In 2017, Barrett wrote that Supreme Court Chief Justice John Roberts erred in his opinion upholding the ACA in a case called NFIB v. Sebelius; she said that Roberts “pushed the Affordable Care Act beyond its plausible meaning to save the statute.”
Abortion Rights Also in Play
Abortion is another issue that Barrett will be called to weigh in on. Mary Ziegler, JD, professor of law at Florida State University in Tallahassee, noted in a phone interview that Roe v. Wade, the 1973 Supreme Court decision legalizing abortion nationwide, appeared to be starting to “unravel.”
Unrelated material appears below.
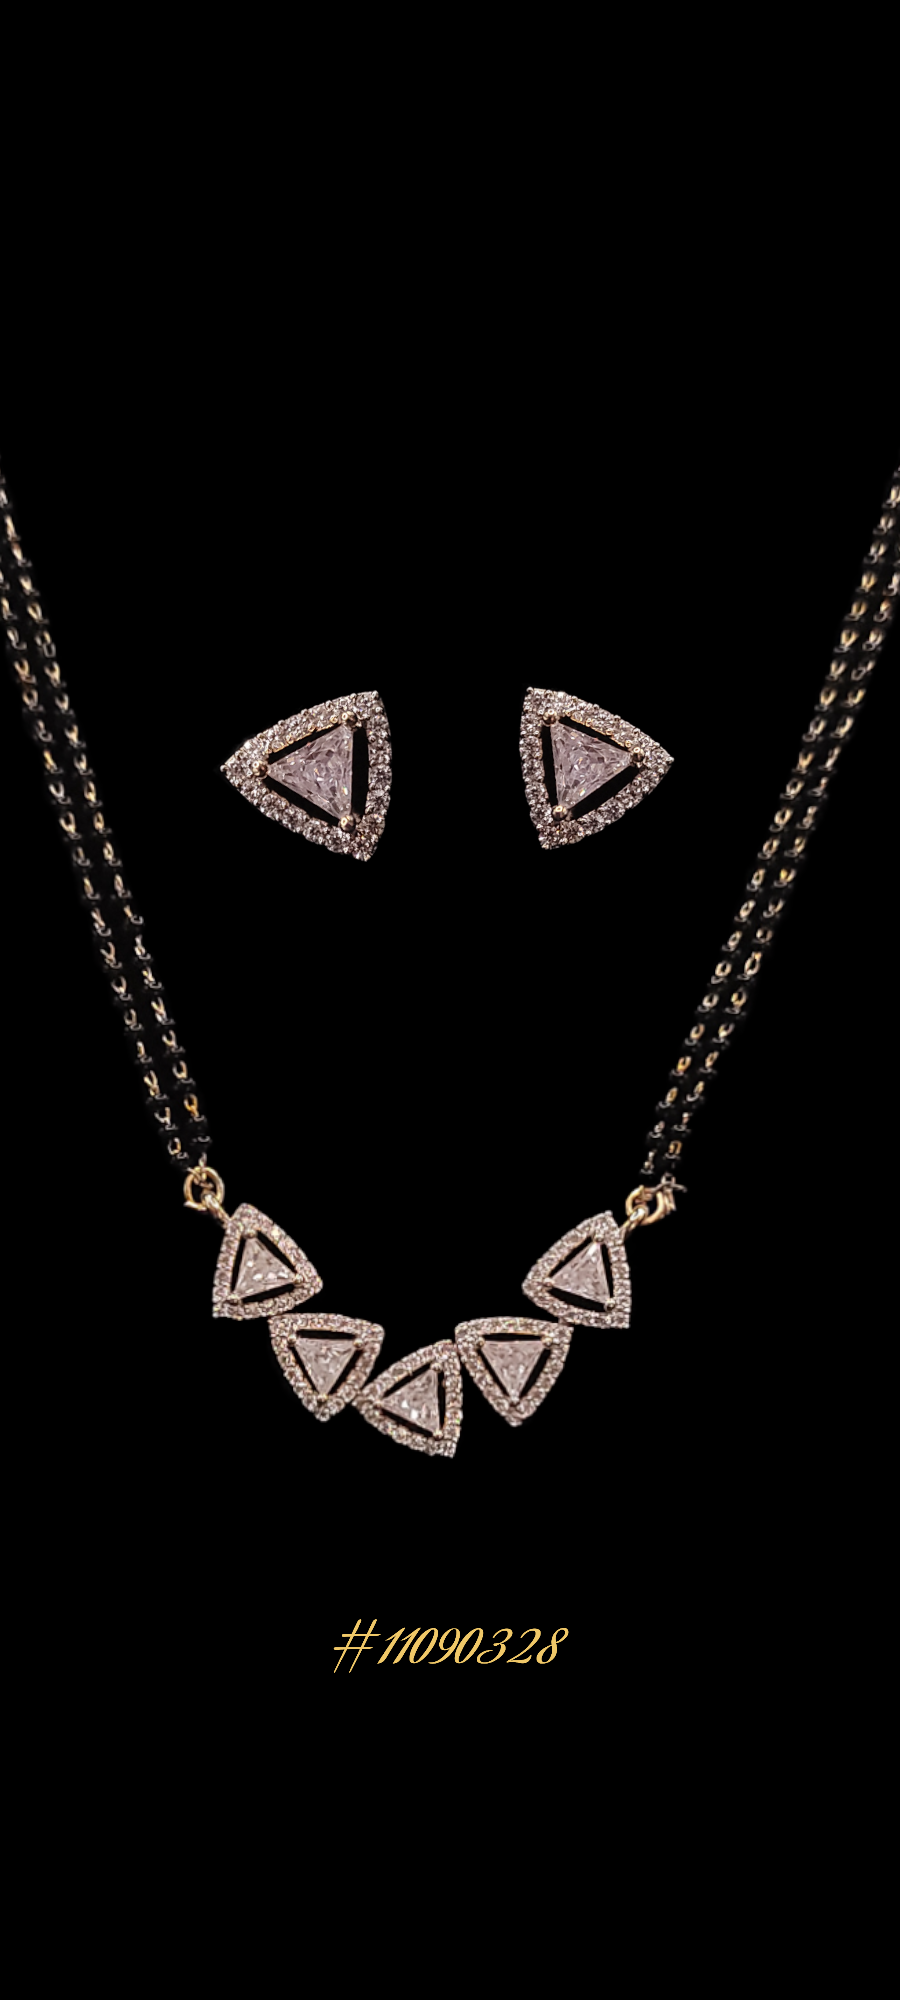 ADORABLE TRIANGLE DIAMOND DESIGN MANGALSUTRA SETS IN GOLD COLOR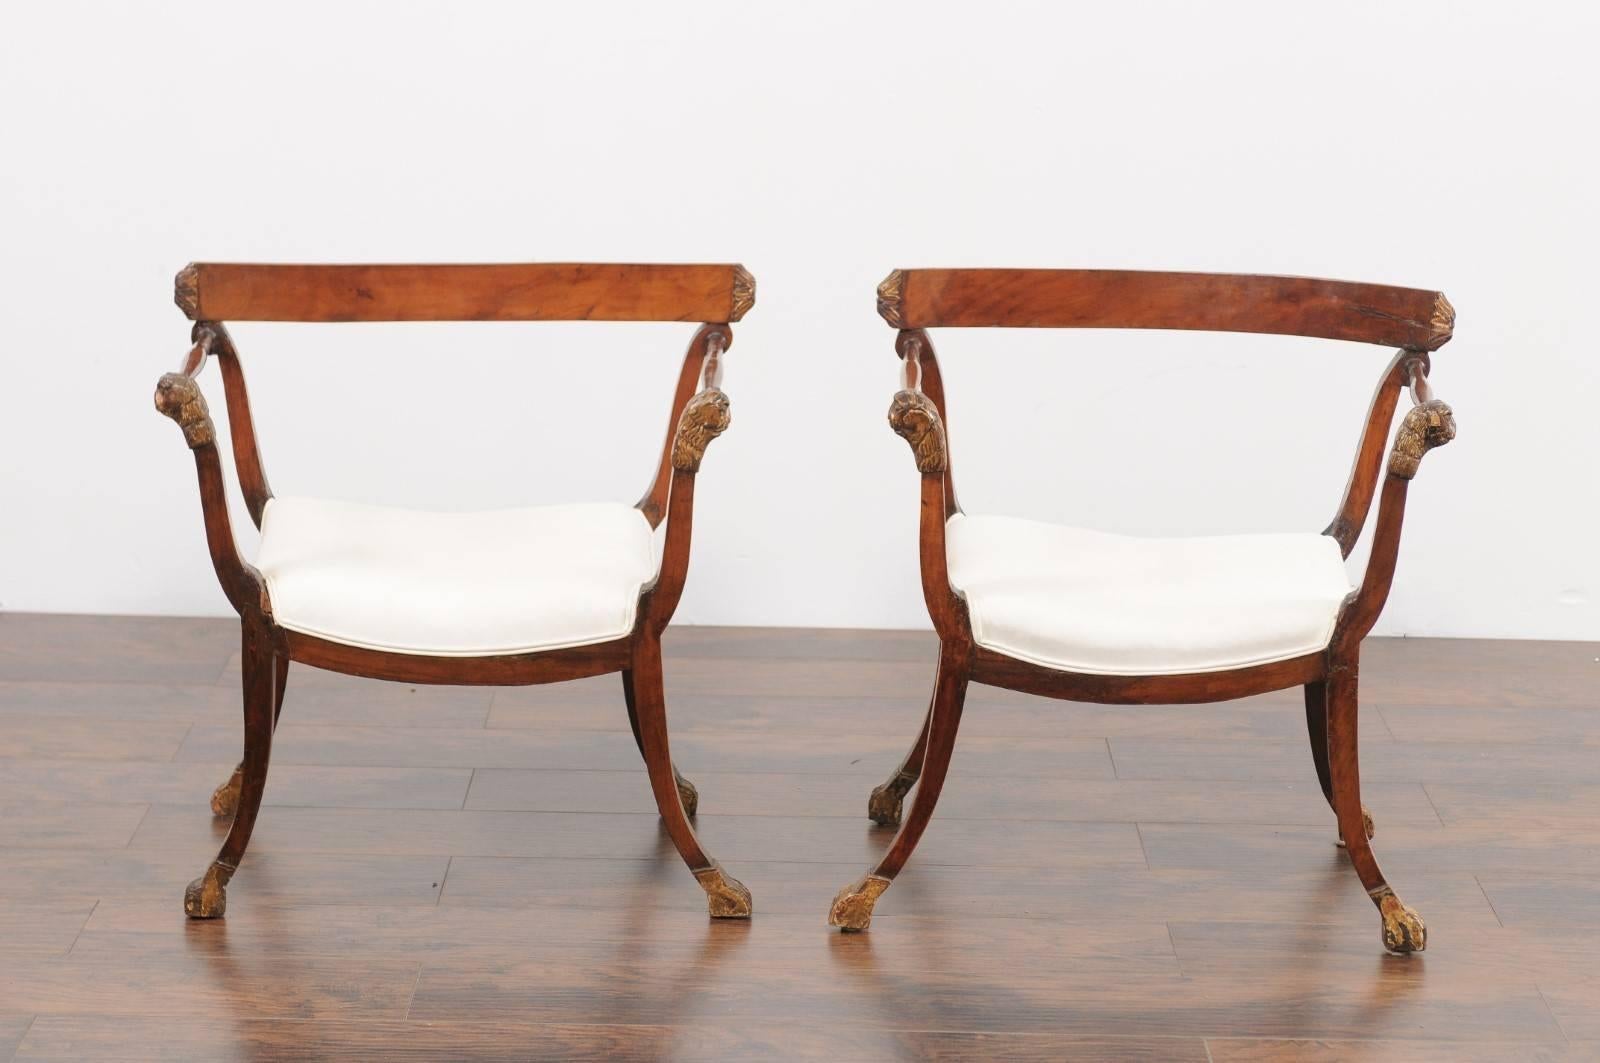 Pair of 18th Century Italian Upholstered Seat Walnut Chairs with Lion Details 1

Although the high court, in the June Medical Services v. Russo case, struck down a Louisiana law requiring physicians who perform abortions to have admitting privileges at a local hospital, “Roberts separately said that the test for future abortion regulations shouldn’t be as hard on states, and in particular, states shouldn’t have to prove that these laws serve any benefit,” said Ziegler. That is, if a state is saying that a certain law will protect patients from dangerous abortion procedures, “they don’t have to prove abortion is dangerous; all that matters is how much of a burden it is on abortion access.”
“So even before Barrett, it looked like states were going to have an easier time restricting access to abortion, particularly in settings where they could claim people disagreed about the science,” she continued. “Now, with Barrett, the odds are higher that you’ll have not just that but outright reversal of Roe, which will have the most quick and immediate effect on doctors, who will likely be punished first by states that are allowed to criminalize abortion … I expect to see more of that when Barrett is confirmed to the court.”
Ziegler said she expects that overturning Roe, if it happens, “will take a while,” since doing so quickly wouldn’t be good optics for the court. “More of what you’d have is the court upholding a restriction or two first … These people don’t want to be seen as partisans; they want to be seen as serious jurists,” so it’s not likely they’d overturn Roe as soon as Barrett takes her seat on the court, she said.
Other healthcare cases are in the pipeline too, and they may eventually make it to the Supreme Court, said Keith, of Georgetown. These include one related to the Trump administration’s regulations on short-term limited duration health plans, as well as cases involving cuts to provider payments in the 340B program, regulations on site-neutral payments for procedures, and cost-sharing reduction payments to health insurers, she said.